1. Install the SpecFlow extension for Visual Studio


2. Create a new Unit test project in Visual Studio

Create folders for:

  • Features (test scripts)
  • Infrastructure (web driver, setup etc.)
  • Steps (logic)

NB! Creating these folders are optional, but it's how I like to structure the main parts of the tests. Further structuring is not covered in this blog post.

3. Install NuGet packages

Install the following NuGet packages:

  • Selenium.WebDriver
  • Selenium.Support
  • SpecFlow

Also install NUnit if not already present. For Visual Studio 2017, NUnit3TestAdapter is required.

4. Download ChromeDriver

In the Infrastructure folder, create a folder called "ChromeDriver", download and add the ChromeDriver.exe with "Copy always" flag.

5. Setting up the Selenium WebDriver

This class acts as the web driver provider (the magic that opens and manages the browser), returning an instance of the Chrome web driver based on the Chrome driver exe file. After the test is finished the instance is killed.
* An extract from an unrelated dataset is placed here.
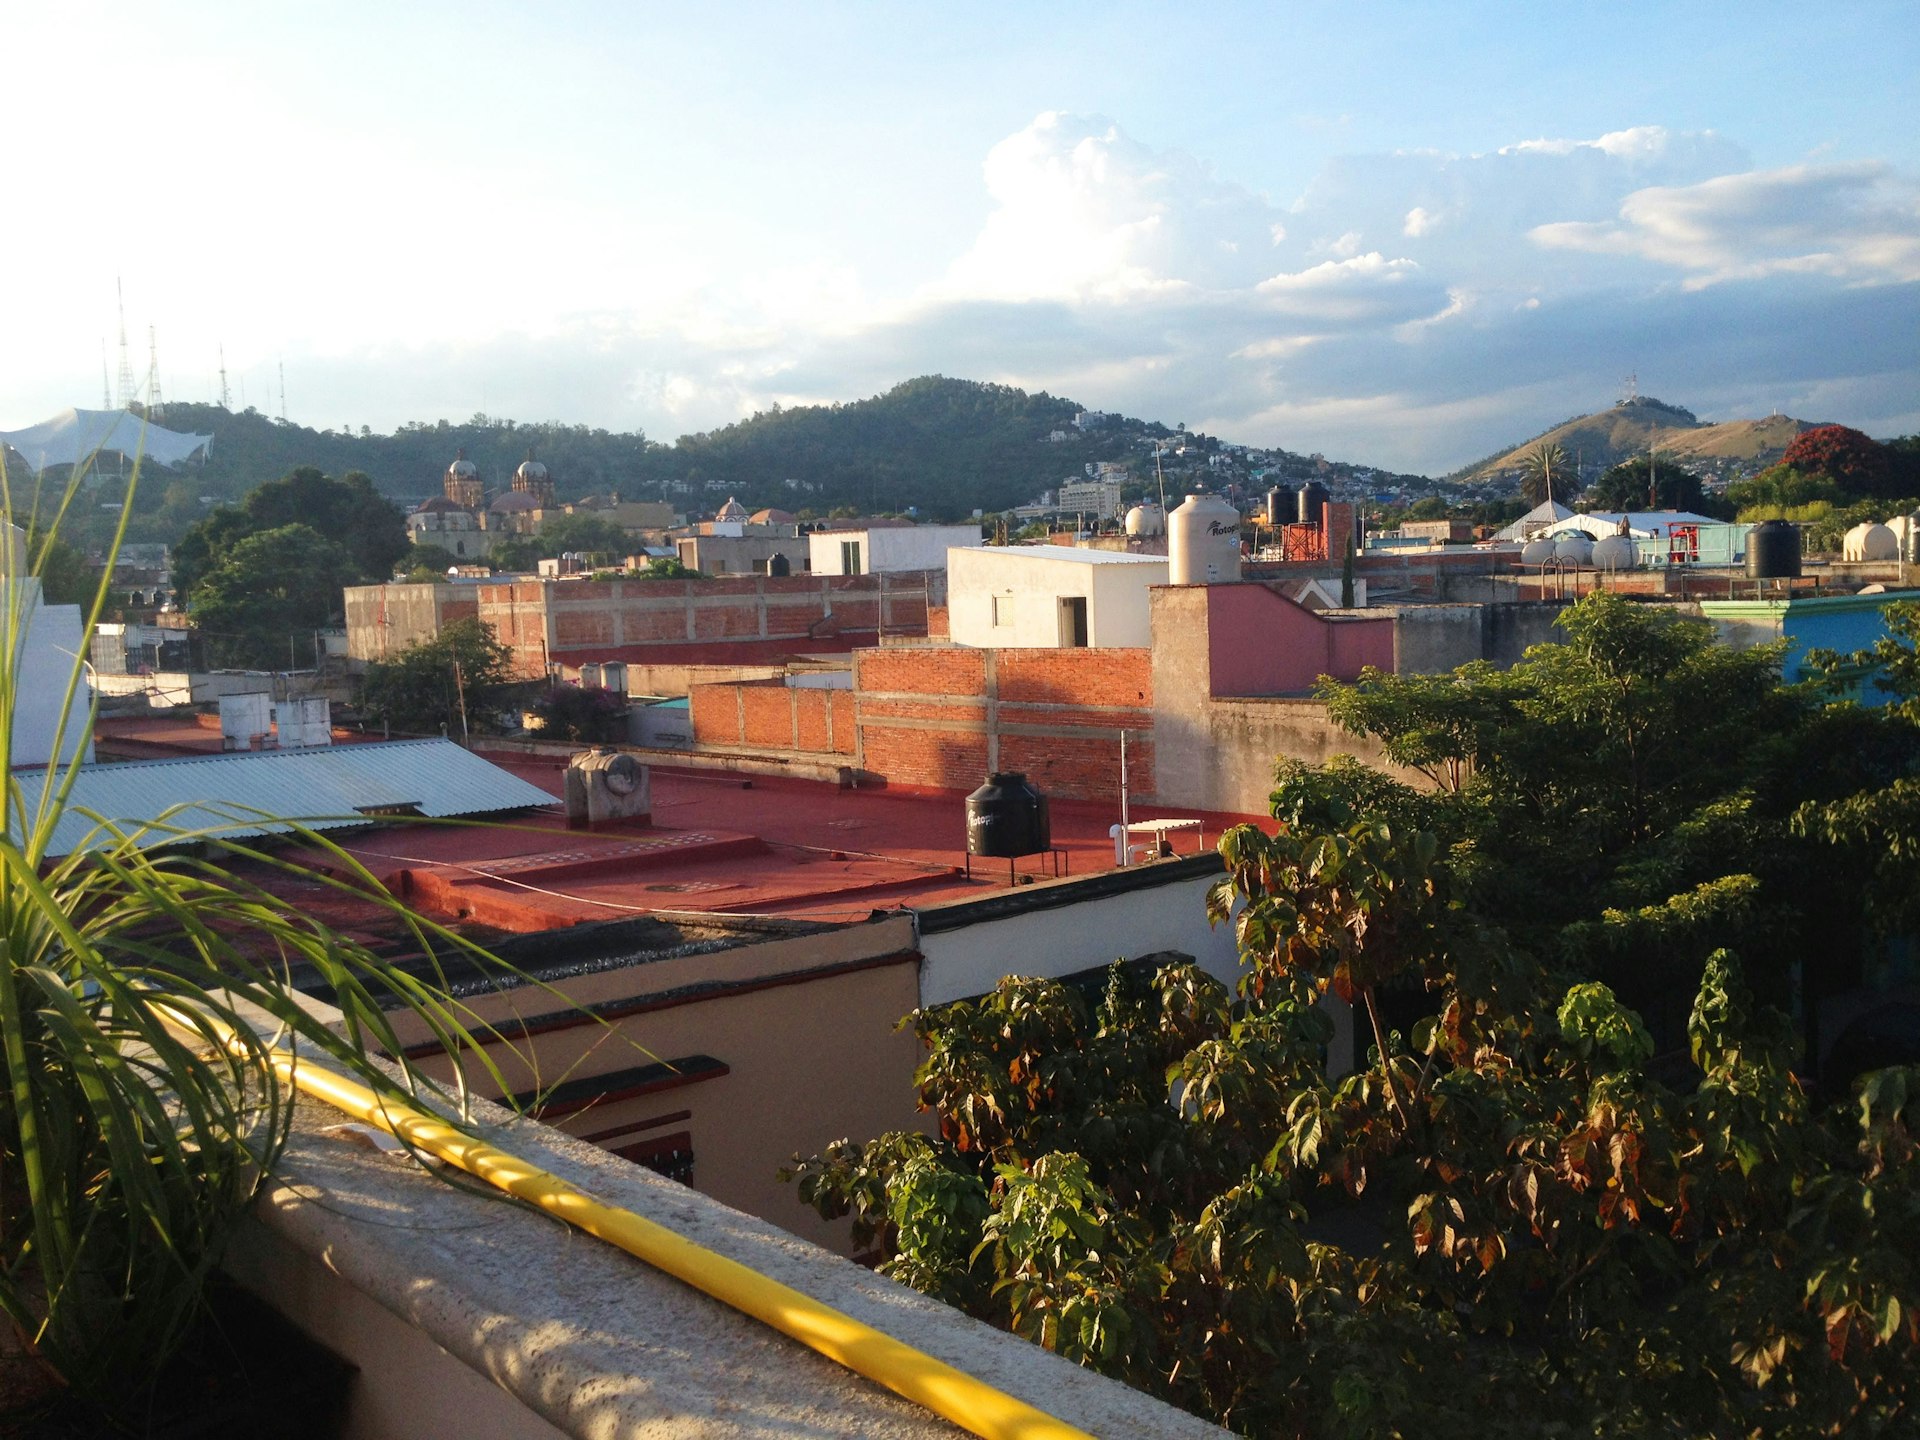 the view from the rooftop patio of Comala with the rooftops of Oaxaca and a mountain in the background

The Chrome web driver supports a range of options, for example it can run in incognito mode if you want to avoid browser caching. For this simple test the option of starting the window maximized is set.


[Binding]
public static class WebDriver
{
    private static IWebDriver _instance;

    public static IWebDriver Current => _instance ?? (_instance = GetChromeDriver());

    private static IWebDriver GetChromeDriver()
    {
        Directory.SetCurrentDirectory(TestContext.CurrentContext.TestDirectory);

        var service = ChromeDriverService.CreateDefaultService(Path.GetFullPath(@"Infrastructure\ChromeDriver\"));

        var options = new ChromeOptions();
        options.AddArguments("--start-maximized");

        return new ChromeDriver(service, options);
    }

    [AfterTestRun]
    public static void Kill()
    {
        if (_instance == null)
            return;

        try
        {
            _instance.Manage().Cookies.DeleteAllCookies();
        }
        finally
        {
            _instance.Quit();
        }
    }
}

Selenium supports a wide range of web drivers, including Firefox, Internet Explorer, Safari, Remote and PhantomJS. This enables the search for browser specific bugs, or you can go headless for faster execution.

6. Add steps

Steps ties the test script to code. Here you can do almost anything; check the database, send events, navigate to URL's etc.
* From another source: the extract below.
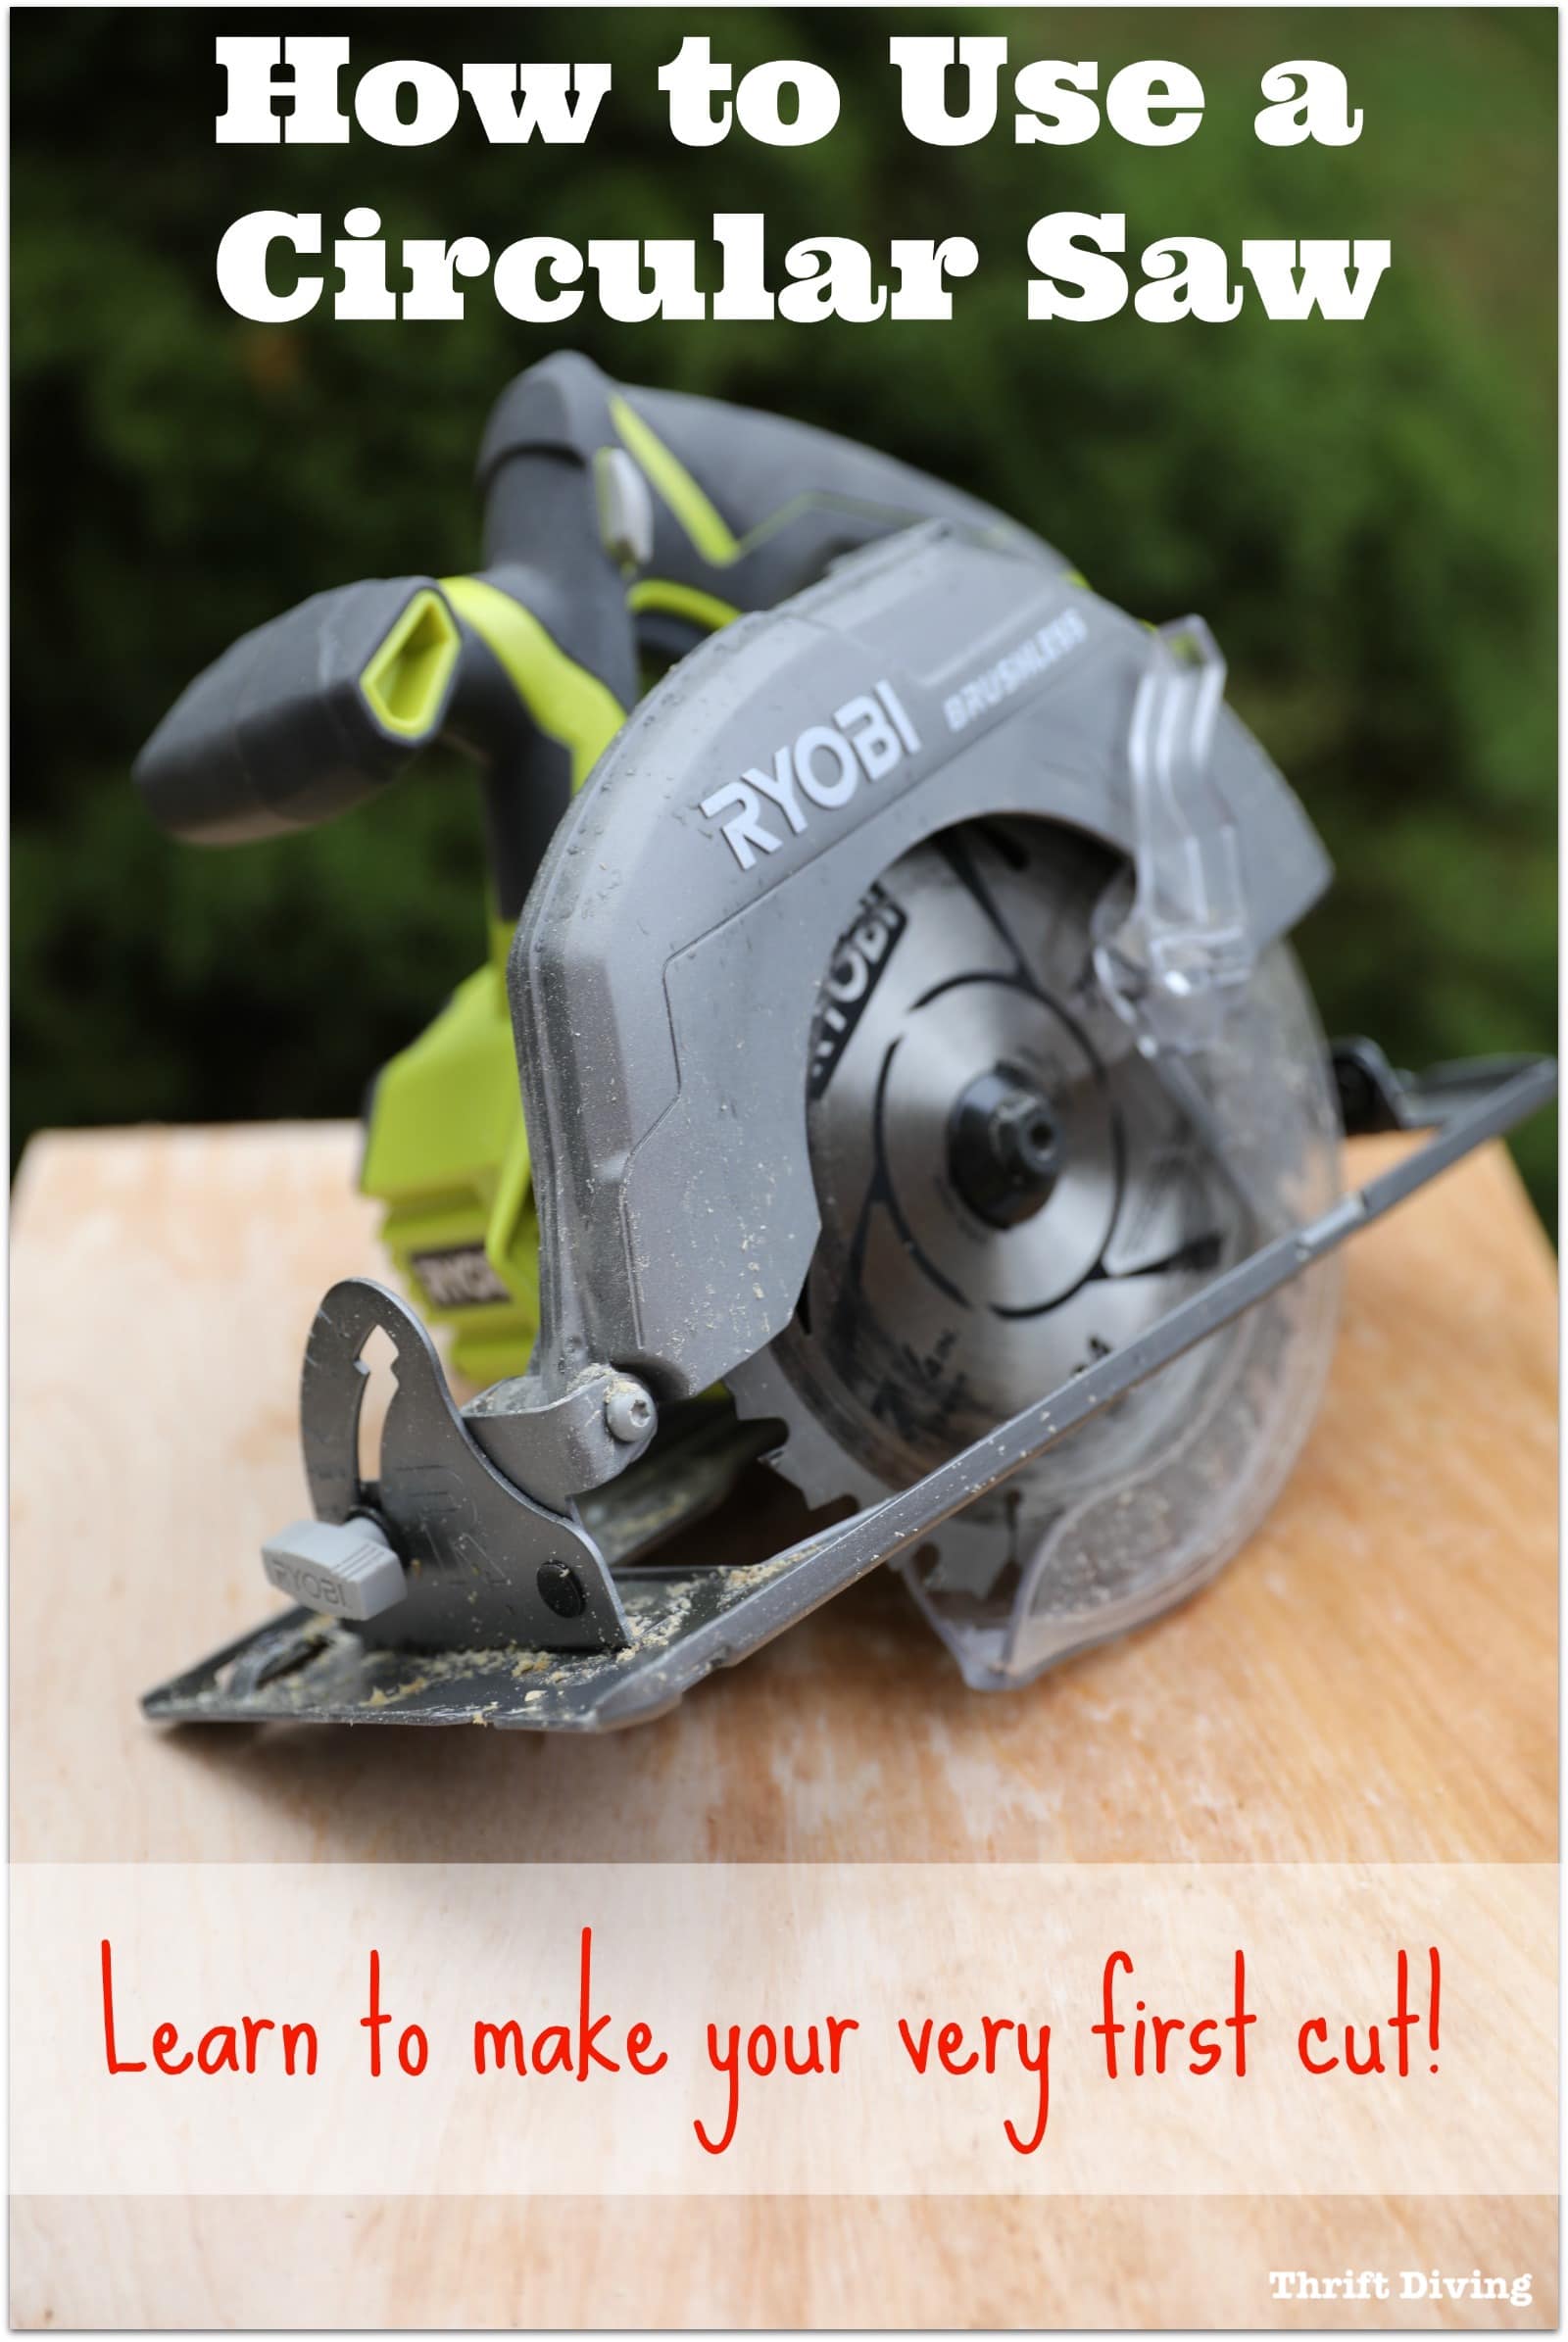 How to Use a Circular Saw - Learn how to make your very first cut without the fear or intimidation! - Thrift Diving

Steps can be reused in different test scripts. Making a toolbox of easy-to-use, generic steps will make the job of writing test scripts much faster later on.

Structurewise, for this simple test the three steps used are placed in the same file. When more steps are required these should be separated into several files by functionality or feature.

For this simple test, the code is self-explanatory:


[Binding]
public class Steps
{
    [Given(@"I navigate to ""(.*)""")]
    public void NavigateTo(string url)
    {
        WebDriver.Current.Navigate().GoToUrl(url);
    }

    [When(@"I click the link ""(.*)""")]
    public void ClickTheLink(string linkText)
    {
        WebDriver.Current
                .FindElements(By.TagName("a"))
                .First(element => element.Text == linkText)
                .Click();
    }

    [Then(@"the text ""(.*)"" is visible")]
    public void TheTextIsVisible(string text)
    {
        Assert.That(WebDriver.Current.PageSource.Contains(text), Is.True);
    }
}


7. Add test script using SpecFlow

Finally, the actual test is written. The test is comprised by the generic steps defined in #6.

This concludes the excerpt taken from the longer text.